Editor’s Note: This is part six (read part five here) of a year-long series tracking our editor as he attempts to reach a 10-handicap. Money is exchanging hands in our new online community via a squares pool, with the majority of wagers estimating his final 2021 index to be somewhere between 10.4-11.9. You can get in on the action here.
My buddy Colin is the Ernest Hemingway of the modern golf lexicon. In a scant few words—often ones he’s created himself—he can sum up entire rounds. “Whaddya got there? 8-iron? Better stand on that one. I’m gonna sauté a little 6.” Colin is not talking baseball when he says it’s time to carve a slider. And if he calls you “pro”—as in, “Nice job, pro.”—he has just delivered his most devastating insult.
Another phrase Colin knows well is when things begin to move quickly. This is reserved for those suffocating moments every golfer experiences when the earth crumbles beneath them and they can’t stop one bad shot from turning into three (or more) and suddenly an entire round is derailed by a devastatingly high number. This phenomenon recently happened to me, but because nothing normal has happened in this wild odyssey, it was in a wholly new way.
It didn’t even happen on the course. I was recapping my latest nine-hole adventure over at the Broken Tee Society’s new online home, explaining how I managed to shoot 41 with three doubles and somehow lowered my handicap from 13.2 to 12.8. Progress! It was a great conversation—people on the chat began trading secrets for great driving range sessions and tricks to help in the mental department.
Then, out of nowhere, the earth shifted.
Speculation arose if I could actually reach my goal of a 10-handicap. Some thought I could. Others (including, it should be noted, my turncoat publisher) were convinced it wasn’t going to happen. Before I knew it, the Broken Tee Society had an actual squares pool—with people betting actual money—on where I would finish.
In the words of a legendary newsman, that escalated quickly.

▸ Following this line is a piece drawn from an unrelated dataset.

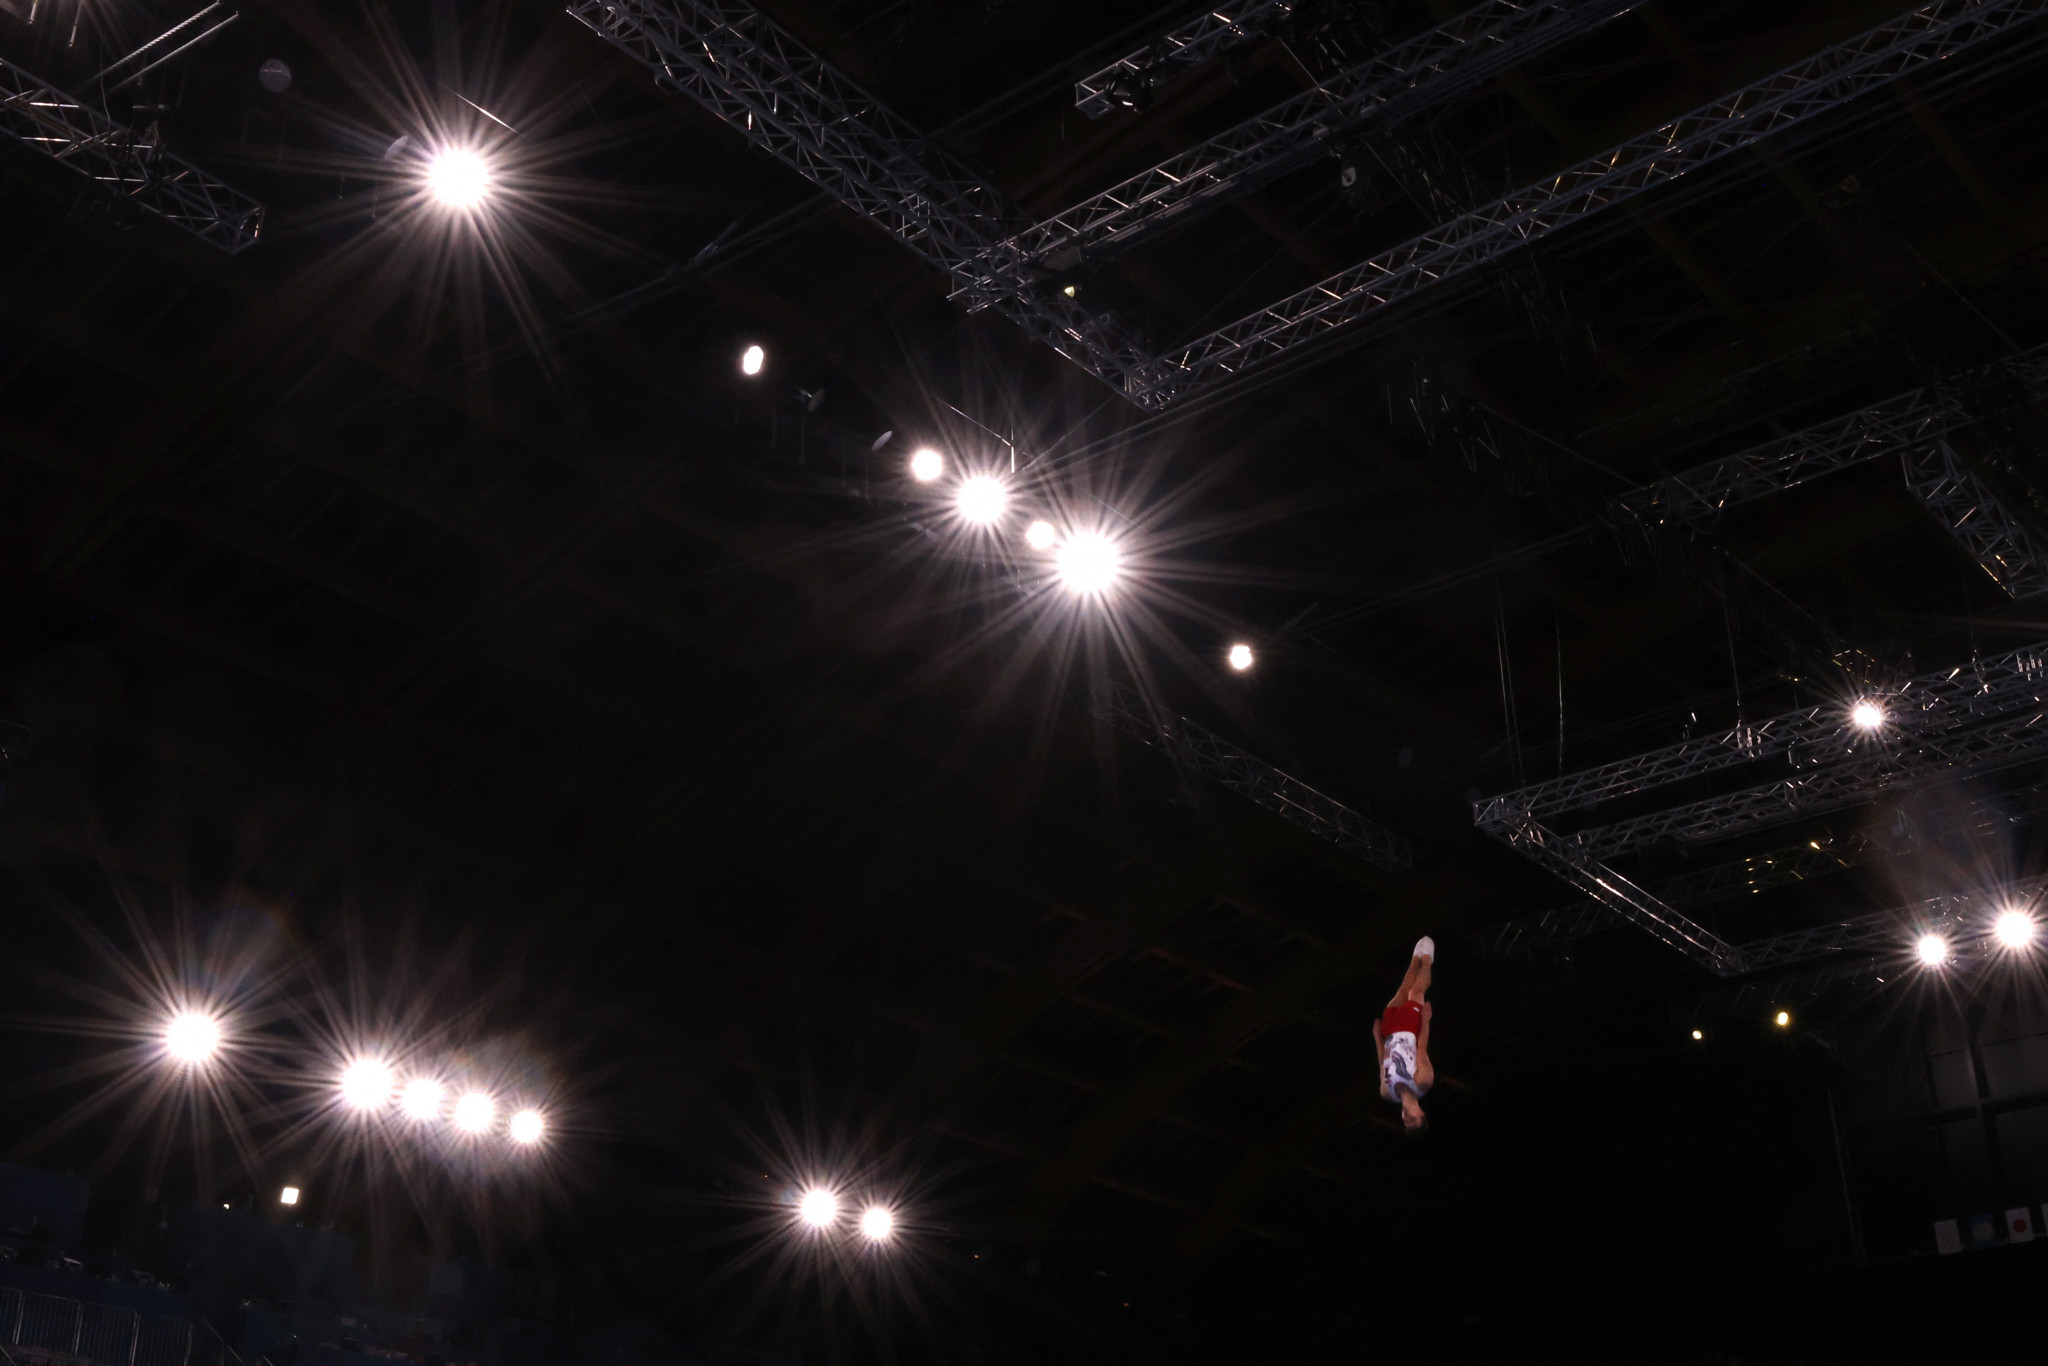 The senior qualifying events for tumbling and DMT were staged on the first day of the European Championships ©Getty Images

Faced with such a wild leap in the stakes, most people would react by running back to the golf course. I ran to the nursery to change more diapers. We welcomed baby No. 3 into the world in late September, and she is perfect. The back of her little head fits snug into the palm of my hand like a softball. When especially hangry, she goes beyond crying into this huffy, oinky snort. She sleeps well for a newborn, sometimes going north of four consecutive hours. And, along with her 4- and 2-year-old sisters, she makes playing golf regularly next to impossible.
Before degenerate gambling took it over, a big part of our conversation was about time management. More than ever, I am now convinced that in order to succeed (and prove my damn publisher wrong), I must outmaneuver the overflowing tasks on my calendar. This revelation occurred in light of some positive news: My reworked swing is in a decent place.
A week prior, I’d been invited to the Wednesday pro-am for the Constellation Furyk & Friends event here in Jacksonville. It took some creative lifting in terms of child care and work requirements to pull it off, but there I was, shaking hands with my teammate Rod Pampling on the first tee of Timuquana Country Club. I hadn’t swung a club in about three weeks, so I had no clue where the ball would go.
But the practice swings felt good. The lessons hammered into me by my coach/Yoda Mike Miles—mantras that couldn’t have been further from my mind over the previous three weeks of 4 a.m. hangry cries and marveling at how a creature so small could fill up so many diapers—immediately came to the fore. Throw the club back. Shift my weight. Pull my hands through. Be a pendulum. I tonked the opening drive down the left side of the fairway, right where I wanted it. Then I hit 9-iron from about 135—Mike says I’ve really got to get to my front side on these shots—to 25 feet. Easy two-putt par and Team Pamps was on our way.
Trivia time out! How much money has Pampling made over the course of his career on the PGA Tour and PGA Tour Champions? Answer: North of $17 million. Seventeen million dollars. And after watching him turn in the most casual 63 I’ve ever seen, including a hole-out for eagle from 194 yards on a long par 4 and a vodka-cranberry on the back nine, I wondered if he should have made even more.
My buddy Colin also knows how golf can get funny when someone’s on a heater. Our group responded to Hot Rod and we all joined in on the birdie parade. It was a handicapped team best-ball format, and we ended up using a couple of my 4-for-3s on the way to a 57 and the overall pro-am victory. (My only regret: I would have threatened breaking 80 on my own ball. Would have been a nice number to enter into the magic GHIN machine!)
That experience coupled with the aforementioned 41 made it clear that getting to a 10 is absolutely possible. Equally obvious was the combination of a growing multimedia empire at work and a sprouting trio of adorable knuckleheads at home standing in my way. The only way to get there is to aggressively make the time. So I am actively working my built-in advantages: The Yards, the 12-holer near my house, is about to have a sleep-deprived single on the sheet early every Wednesday. Grandma is about to spend some Wednesday breakfasts with her granddaughters. And I’m about to learn how to sauté a 6-iron. Place your bets accordingly.